投稿: 銀鏡反応 | 2008/11/19 5:53:12

ワシントンにてお忙しい中、
ブログをたくさんアップして下さり、
そればかりか私の拙いコメントも再三 載せて頂いたり、
たいへん有難うございます。
茂木先生は今でも十二分に愚行(神業と同じ意味)
なさっていると思います。こんな忙しい脳は
私には想像もできないです。

今、集英社新書『欲望する脳』をまだ読んでいる途中です
(私にはなかなか読みづらい本です)。
著書やブログで、
こんな見え方も隠れていたのか、と思わせられる、
世の中の、いつもとは違う隠れ図形を 次々と提示して下さり、
たまに理解が追いつかないこともありますが、
ゆったりしてきます。

矛盾はあって当たり前、ということを言った人がいて、
私はそれを座右の銘に加えようと思ったのに
ここ半月ばかり すっかり忘れていました。
”偶有性”に寄り添って生きるとは、
矛盾を引き受けることと、同じ意味かも知れない
と思いました。
取り返しがつかないほどに 人々の矛盾が増幅するのを、
脳科学の力で防ぐことは、できるのでしょうか?

乱文にて失礼いたします。

投稿: MiznoYuli(u-cat) | 2008/11/19 3:17:52

こんにちわ

ニュースで、オバマ次期大統領のインタビューを見て、若くて優秀でエネルギッシュに感じました。なぜか分かりませんが、私は、10歳も下ですが、優秀な若者に見えました。
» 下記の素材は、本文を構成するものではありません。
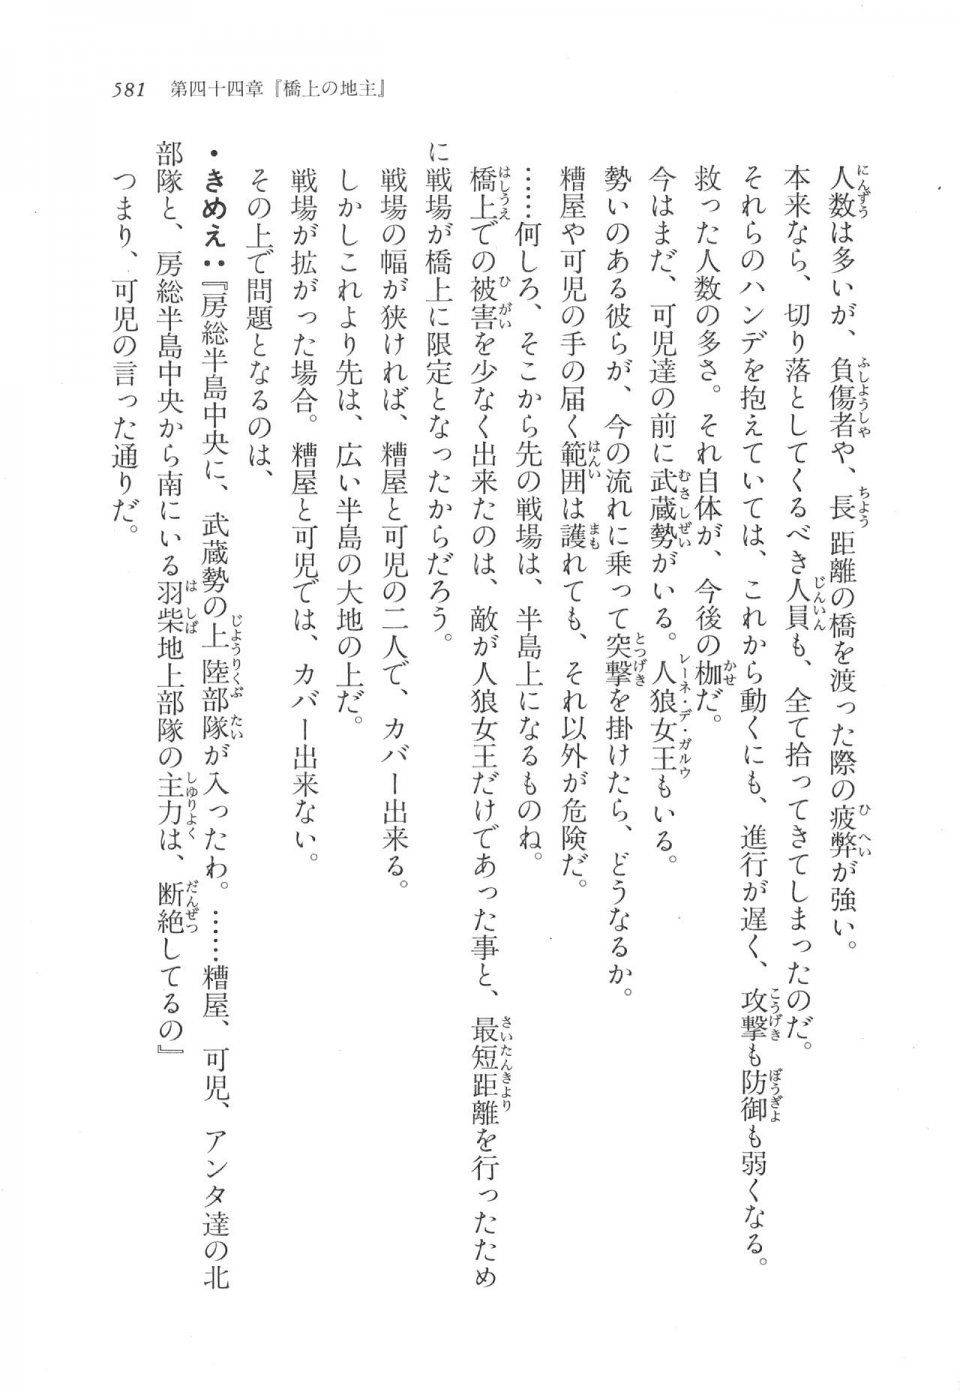 Kyoukai Senjou no Horizon LN Vol 17(7B) - Photo #582

オバマ次期大統領が若いのか、私が老けているのか?、茂木さんはどう思います?(^^)

投稿: 大統領のクオリアby片上泰助(^^) | 2008/11/19 1:28:00

茂木さん、お元気そうでなによりですね!               
人は皆、ハンターですか?
「情報」には、敏感でありたいと思っている
のでしょうか?!
現代を生きる私たちはそうなのかもしれませんね。

それにしてもオバマ次期アメリカ大統領は、いろ~んな
人に夢と希望をもたらしたことは間違いのない事実ですね!

「サファリ」とは、様々な人が行き交っている様子が
想像できます。
その中で、「もじゃもじゃヘアー」の茂木さんは、どんな
感じなのでしょう?!(笑)

お忙しい中、美術館や街を散策できてよろしかったですね!

では、残された日々、有意義にお過ごしください。

投稿: 茂木さんの崇拝者より | 2008/11/19 1:06:46

茂木健一郎さま

事実、普通にタクシーの運転手さんと普通に会話されたり。
ワシントンに行こうと茂木健一郎さまが望めば、思った翌日にはワシントン
それが可能な茂木健一郎さまが、ご自身の生涯の記憶に今回、ワシントン滞在を、お認めには、事実は凄いです。

日本語では、愚行
でも、もしかしたら
アメリカでは愚行を
チャレンジャー
日本語でも、愚行を躍動的に言葉にすると
挑戦者
私は個人的には、そう感じます。
地球人 茂木健一郎さま
宮崎駿さまが
オープンカーで雨、小学校一年生、あの子供さんの小学校一年生は、その時にしかなく、雨で車がとか
小さな!と、宮崎駿さま。
私は
茂木健一郎さまがタクシーにて普通に運転手さんと会話され、に
格好良くスマート

地球人 茂木健一郎さまアメリカでも普通に格好良いです。

ちなみに宮崎駿さまも
オープンカーのお話を、あえて申されが格好良すぎ位、格好良いです。